DreamSculpt

Dream Scrupt

Inspiration

Our dreams are not static images or linear videos; they are interactive, spatial, and inherently unstable memories. Most current generative AI tools stop at text-to-image or text-to-video, failing to capture the fluid nature of how we dream. In Dream Sculpt, we wanted to, making use of Gemini 3, creating a medium where the user doesn’t just watch a dream, but shapes it and experiences it.

What it does

Dream Sculpting is a web-based immersive experience that transforms a user’s dream description into an explorable 3D world.

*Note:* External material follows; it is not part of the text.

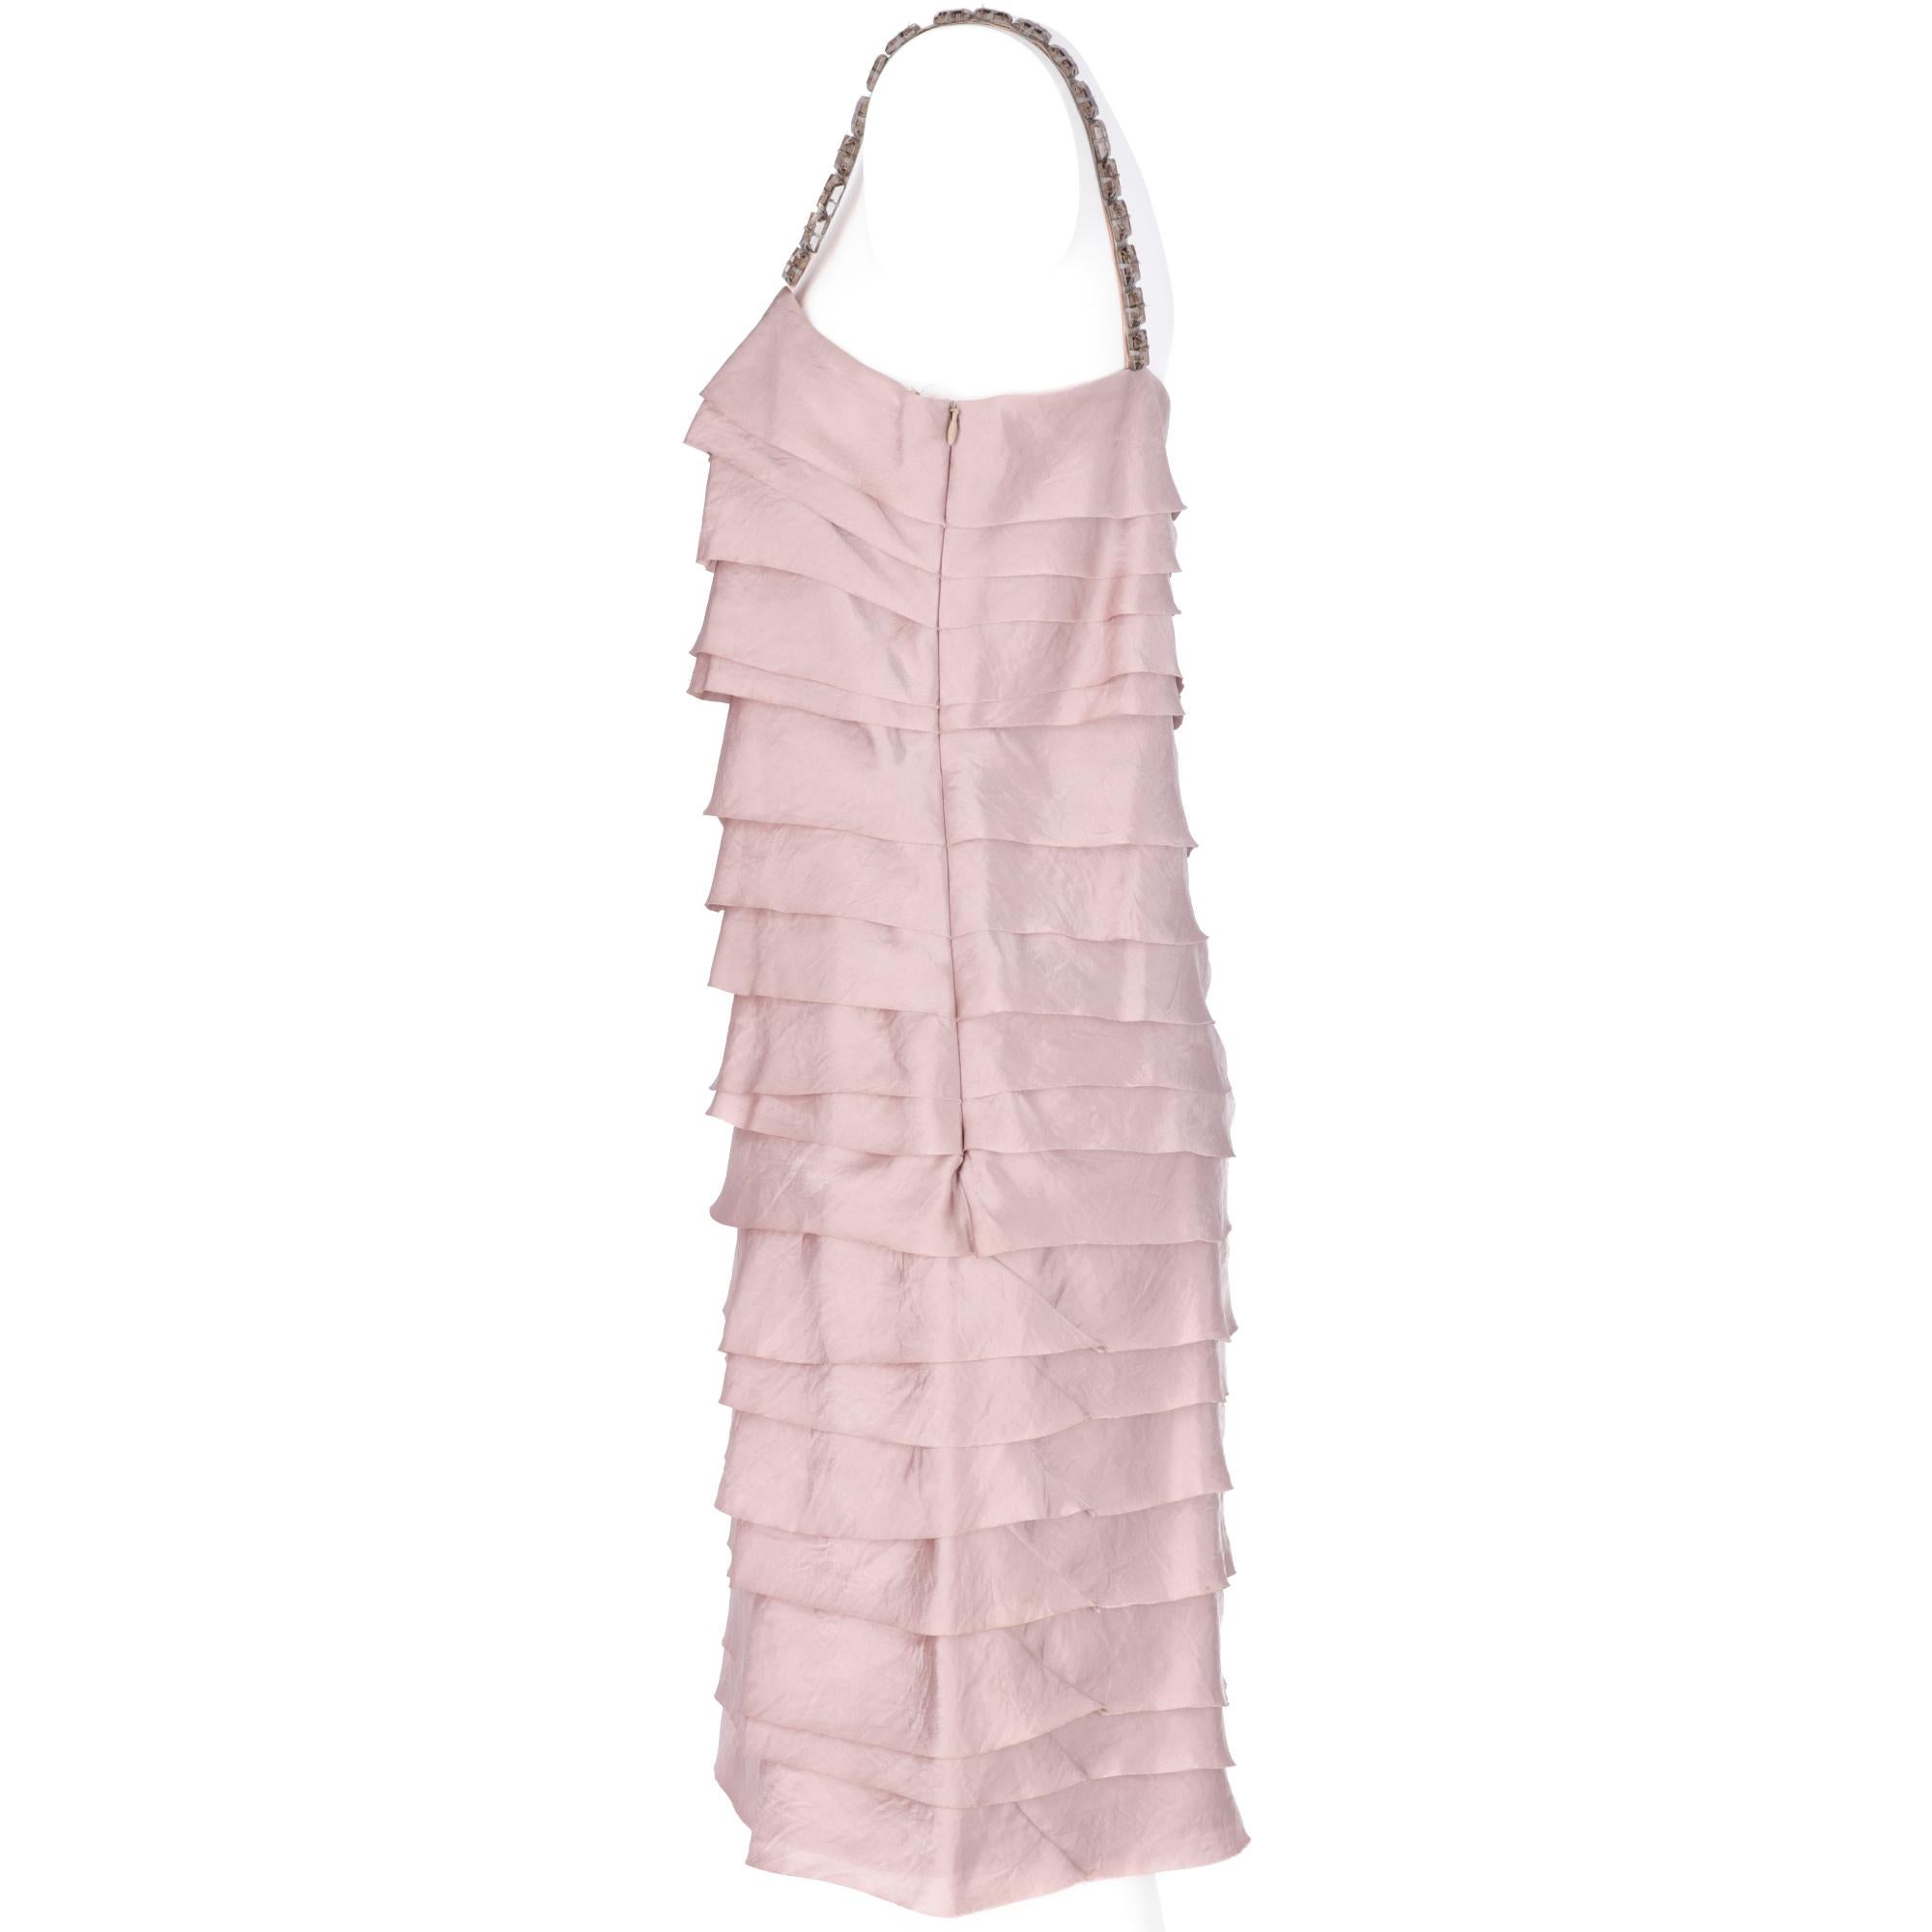 Lanvin antique pink dress long above the knee, straight neckline, flounces along the dress and straps decorated with large and transparent stones, side closure with invisible zip.

The item has slight signs of wear on a stone as shown in the

Real-time Object Sculpting: The world is populated by the objects that was inputted to the scene. 3D models was transformed to point cloud and dynamically displayed into the scene. Users can revise their dream, and the world updates coherently.
Immersive Navigation: Users enter a first-person, navigable environment where objects assemble, flicker, and dissolve in point-cloud form as the user moves forward.
Gesture-Based Interaction: Using hand tracking, users can physically manipulate the dream—pinching to reposition objects or using two-hand distance to scale elements.

How we built it

Dream Sculpt has the following main components:

Gemini Service: Interfaces with Google Gemini AI to classify prompts, generate object files, parse scene descriptions, and generate sky/terrain textures.
3D Rendering Engine: Three.js-based 3D renderer that manages the scene, camera, objects, and visual effects.
Hand Tracking System: React hook that uses MediaPipe Hands to track hand gestures and landmarks from webcam video
Camera Action System : Manages gesture-to-action mappings and executes camera/object manipulations based on hand gestures.

Code Structure

Accomplishments that we're proud of

An automated pipeline for creating interactive 3D scene is created. This transform the generative AI's nature from "generative artifacts" to "interactive dream sculpture."
Aesthetically beautiful and interactively smooth scene creation.

Challenges we ran into

Spatial Reasoning: Translating vague natural language into precise 3D coordinates that feel "right" to a user was a significant hurdle.
Asset Scalability: Building a 3D world usually requires extensive manual labor. Automating the conversion of diverse assets into a unified point-cloud style required complex scripting and parameter tuning.
Maintaining Immersion during Updates: Ensuring the world could "regenerate" or update based on new prompts without breaking the user's sense of presence required careful management of the "dissolve and assemble" logic.

What we learned

We discovered that multimodal models like Gemini 3 are surprisingly adept at spatial planning and atmospheric consistency when provided with the right structured framework.